Lies and the Lying Liars Who Tell Them: A Fair and Balanced Look at the Right
By Al Franken
Dutton, 368pp. $ 24.95

"Telling the truth is something I take seriously, and I try to hold myself to an impossibly high standard."

This time, Al Franken may have set the bar too high. By his own account, the self-appointed scourge of right-wing lies and liars has something of a truth problem himself. But let him tell the story:

April 21, 2003

Dear Attorney General Ashcroft,

I am currently a fellow at Harvard's Kennedy School of Government, where I am working on a book about abstinence programs in our public schools entitled, Savin' It: The book's fourth chapter, "Role Modelin' It!," will feature the personal stories of abstinence heroes for our nation's young people to emulate . . . I would very much appreciate it if you could share your abstinence story. So far, I have received wonderful testimonies from HHS Secretary Tommy Thompson, William J. Bennett, White House Press Secretary Ari Fleischer, Cardinal Egan, Senator Rick Santorum, and National Security Adviser Condoleezza Rice. (I'm still hoping to hear back from the President!)

And so on. The letter was a pretty obvious con, and none of the 28 people to whom Franken sent it was fooled. Somebody even tipped off the Kennedy School that Franken was misusing its stationery. He apologized to Harvard--but not to any of his intended victims.

Anybody can type out a deceitful letter. (Well, almost anybody.) To lie to people's faces--and to do it over and over again--requires a more hardened character. Franken, though, is up to the challenge.

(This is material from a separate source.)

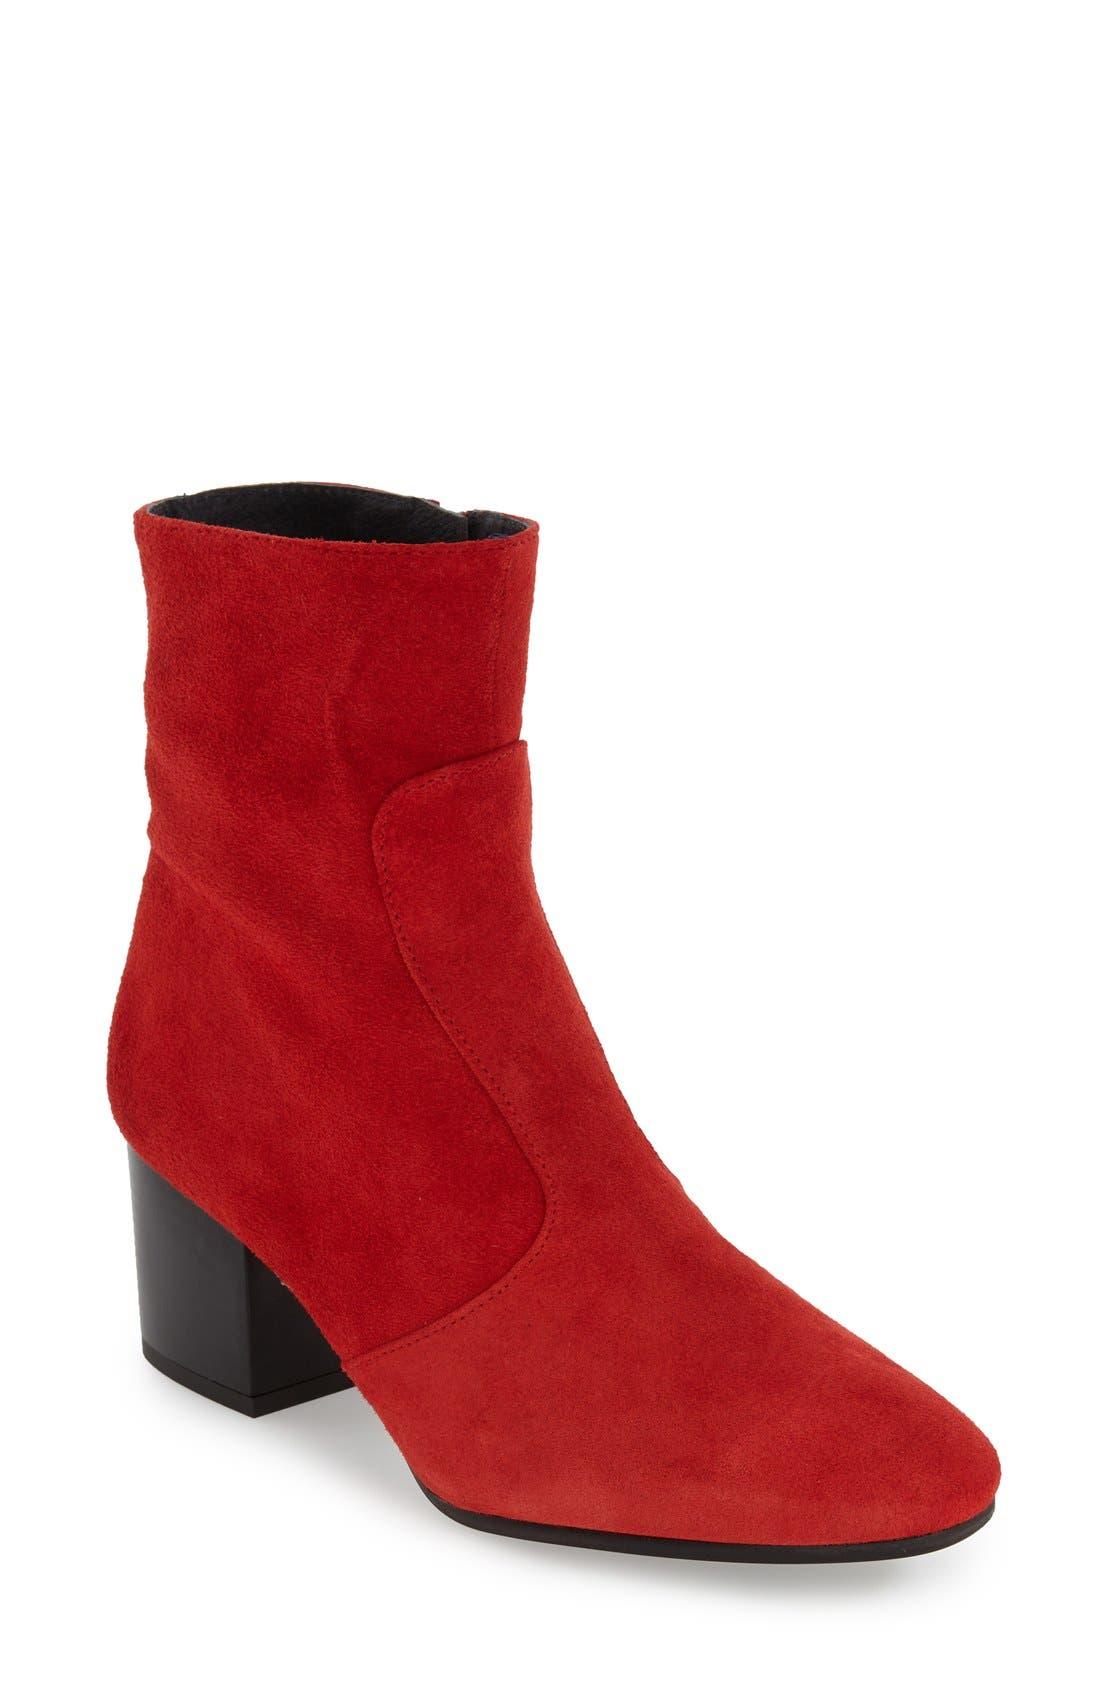 Main Image - Topshop 'Mustard' Western Boot (Women)
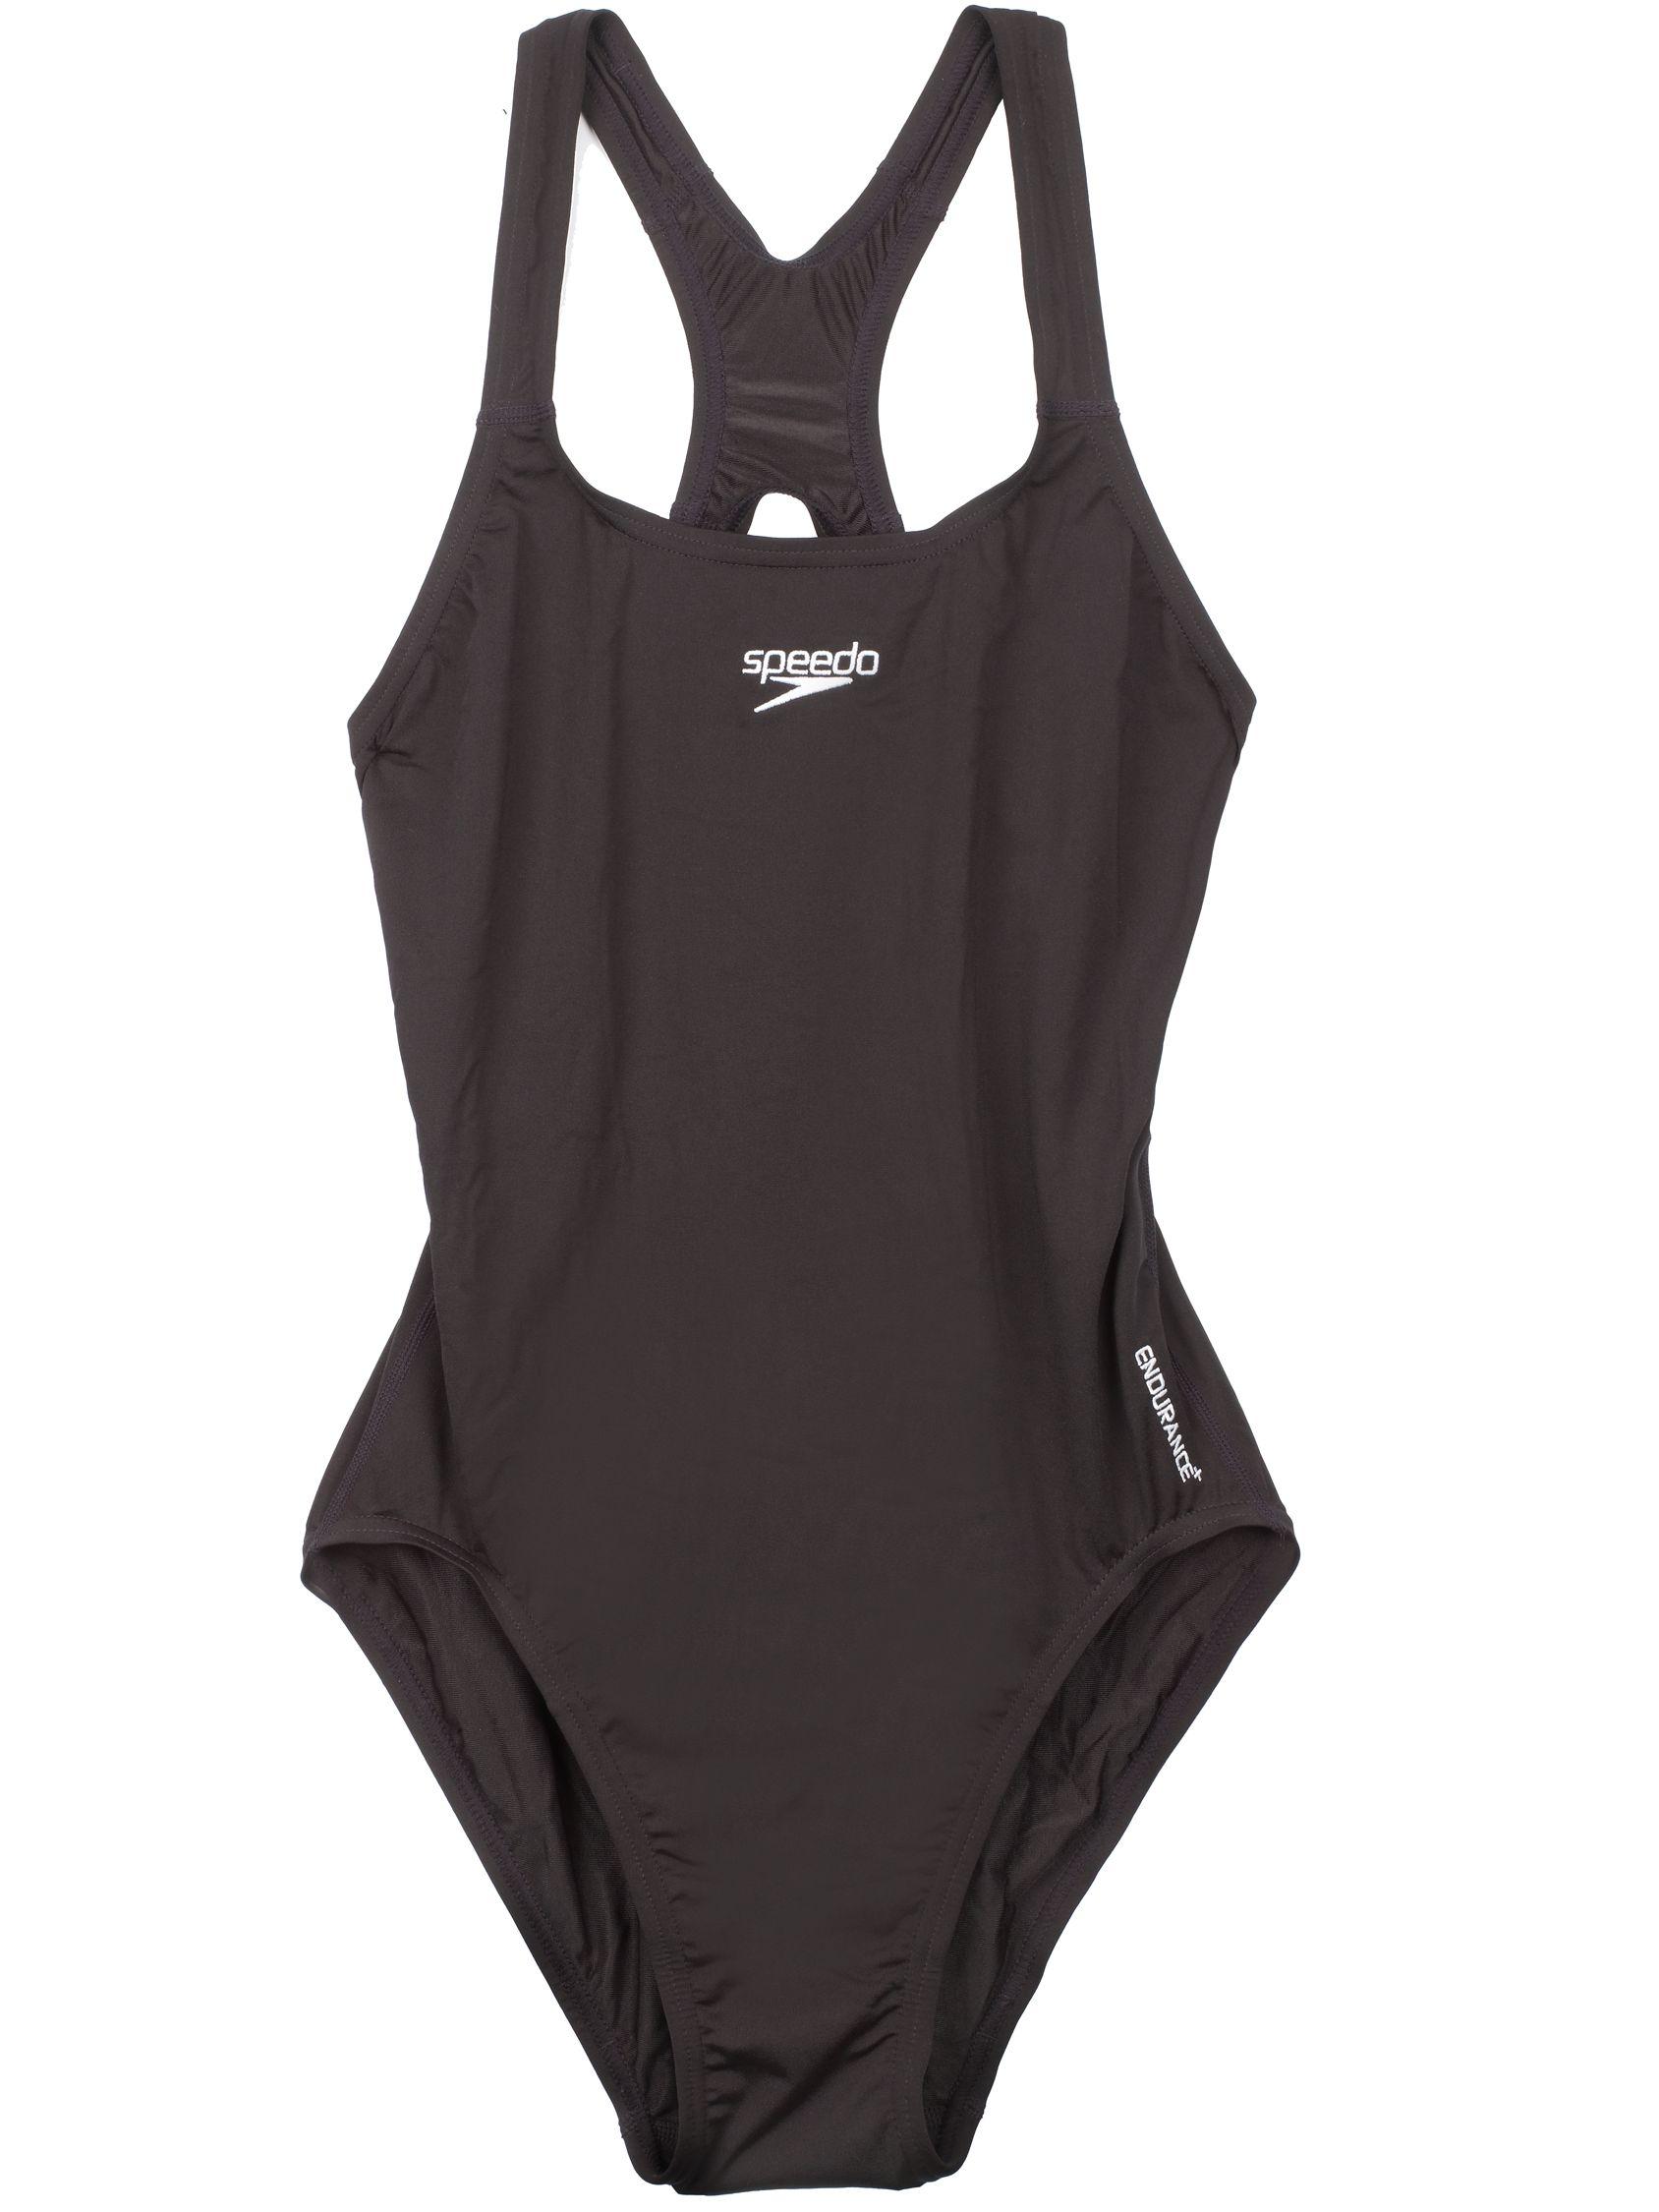 Speedo Speedo Girls' Medalist Swimsuit, Black

He devotes a lengthy chapter of this book to an "elaborate ruse" (his words) intended to extract embarrassing material about Bob Jones University. (Just why he thought this material--or, for that matter, his abstinence-education material--might be relevant to a book about right-wing lying is something of a mystery.) First he asked his son to submit a bogus application to Bob Jones; then, when the boy begged to be released, Franken had one of his research assistants apply, this time traveling with the assistant to South Carolina to pursue the joke in person.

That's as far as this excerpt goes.